### DATA BELOW ###

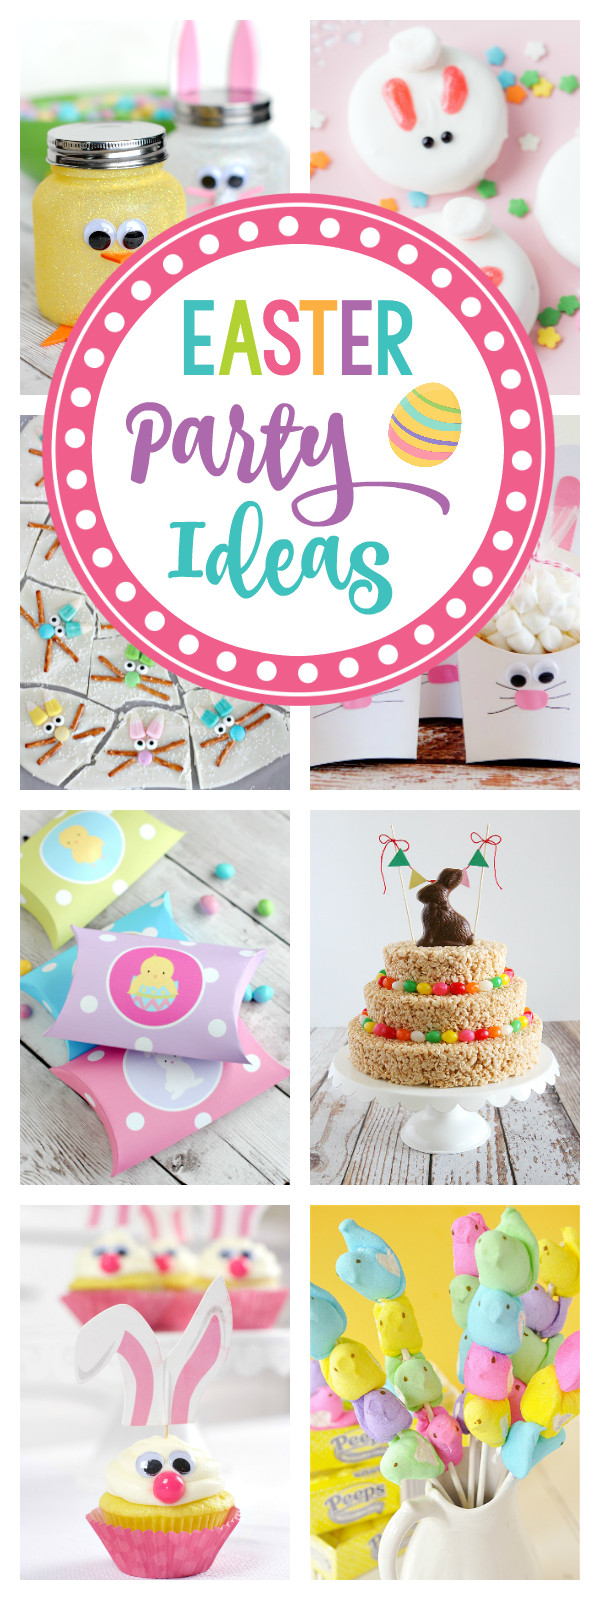 Easter Sunday Party Ideas
 25 Fun Easter Party Ideas for Kids – Fun Squared
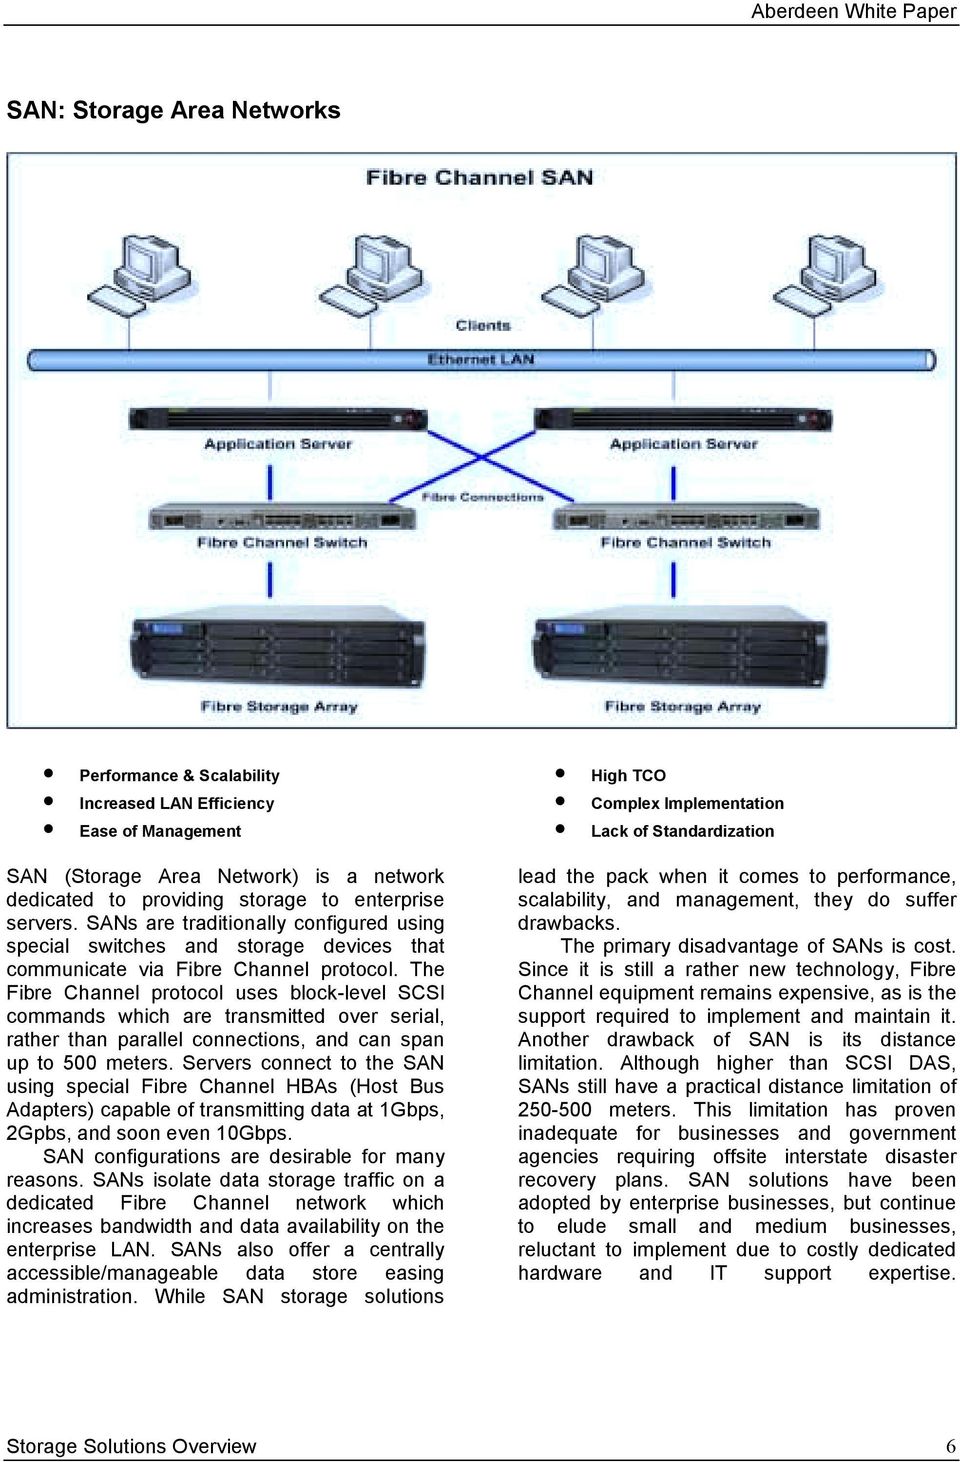 The Fibre Channel protocol uses block-level SCSI commands which are transmitted over serial, rather than parallel connections, and can span up to 500 meters.
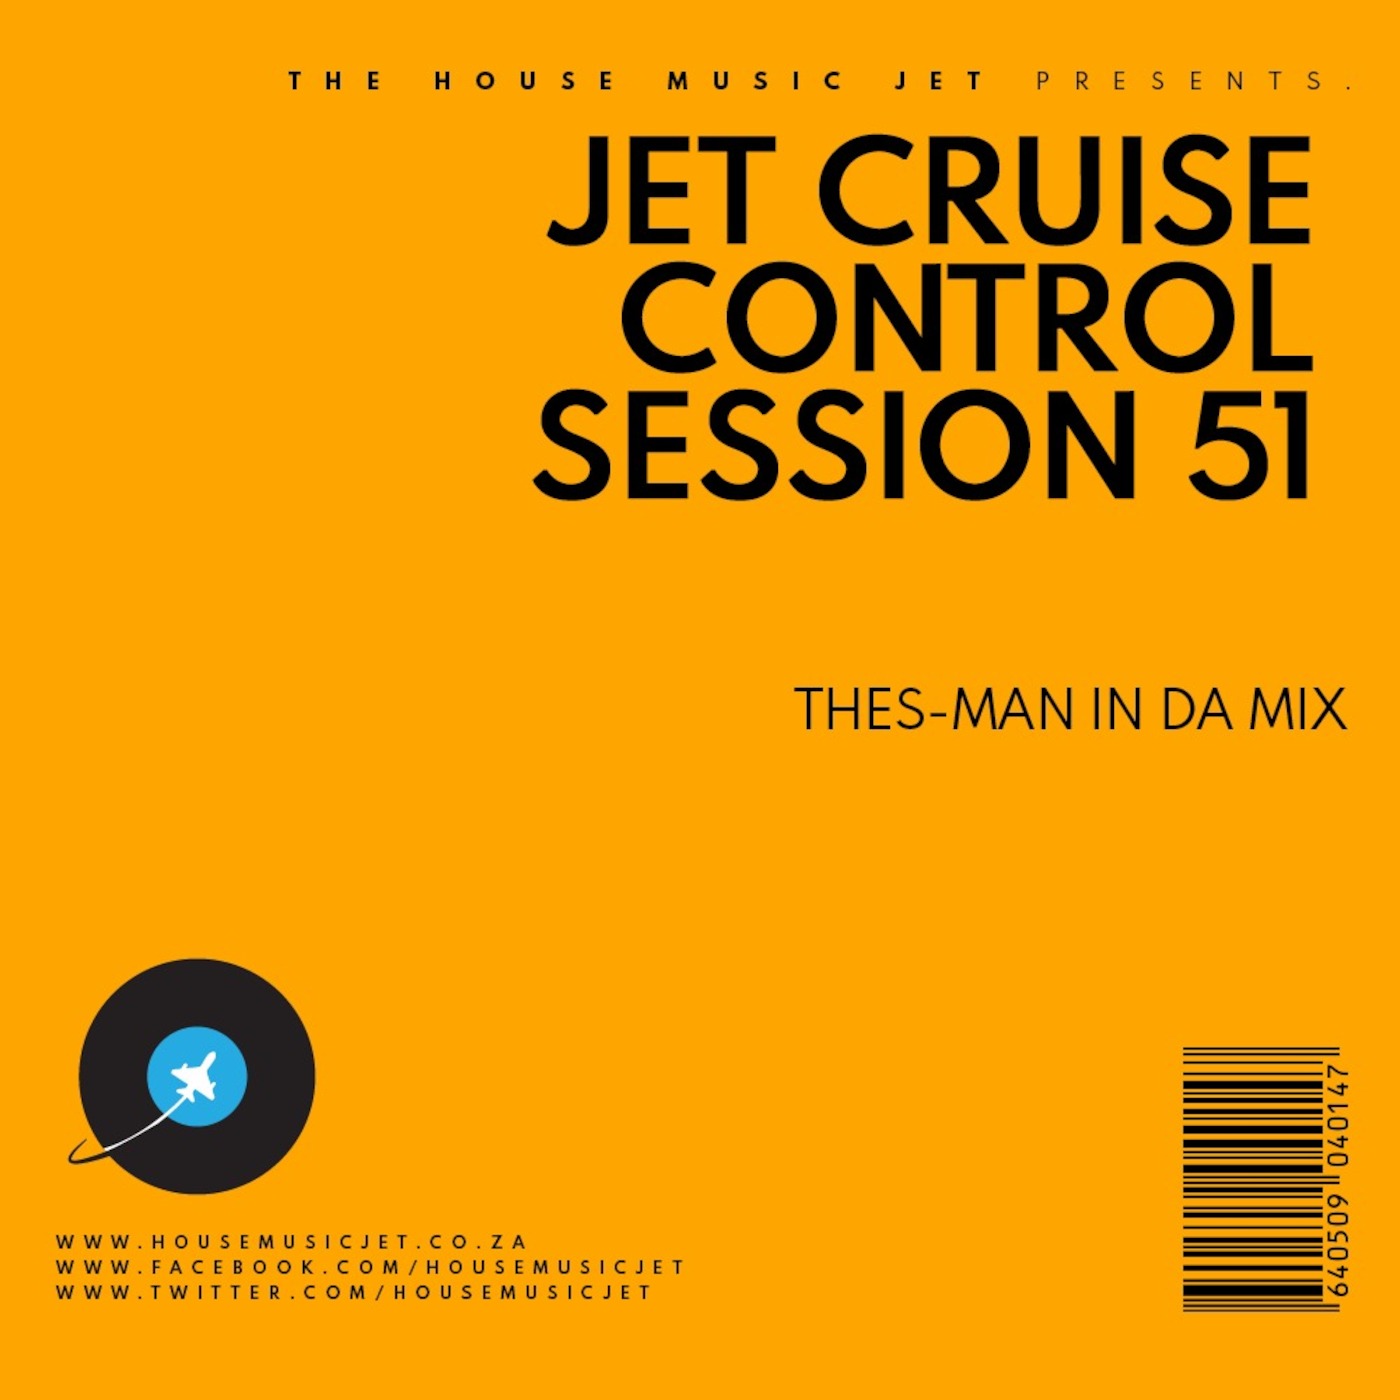 Thes-Man In Da Mix – Jet Cruise Control Session 51

###

◆ DIRECTIONS FOR THIS TASK ◆
Write out every line above exactly, minus images.

◆ ANSWER TO THE PROBLEM ◆
 Easter Sunday Party Ideas
 25 Fun Easter Party Ideas for Kids – Fun Squared
 The Fibre Channel protocol uses block-level SCSI commands which are transmitted over serial, rather than parallel connections, and can span up to 500 meters.
 Thes-Man In Da Mix – Jet Cruise Control Session 51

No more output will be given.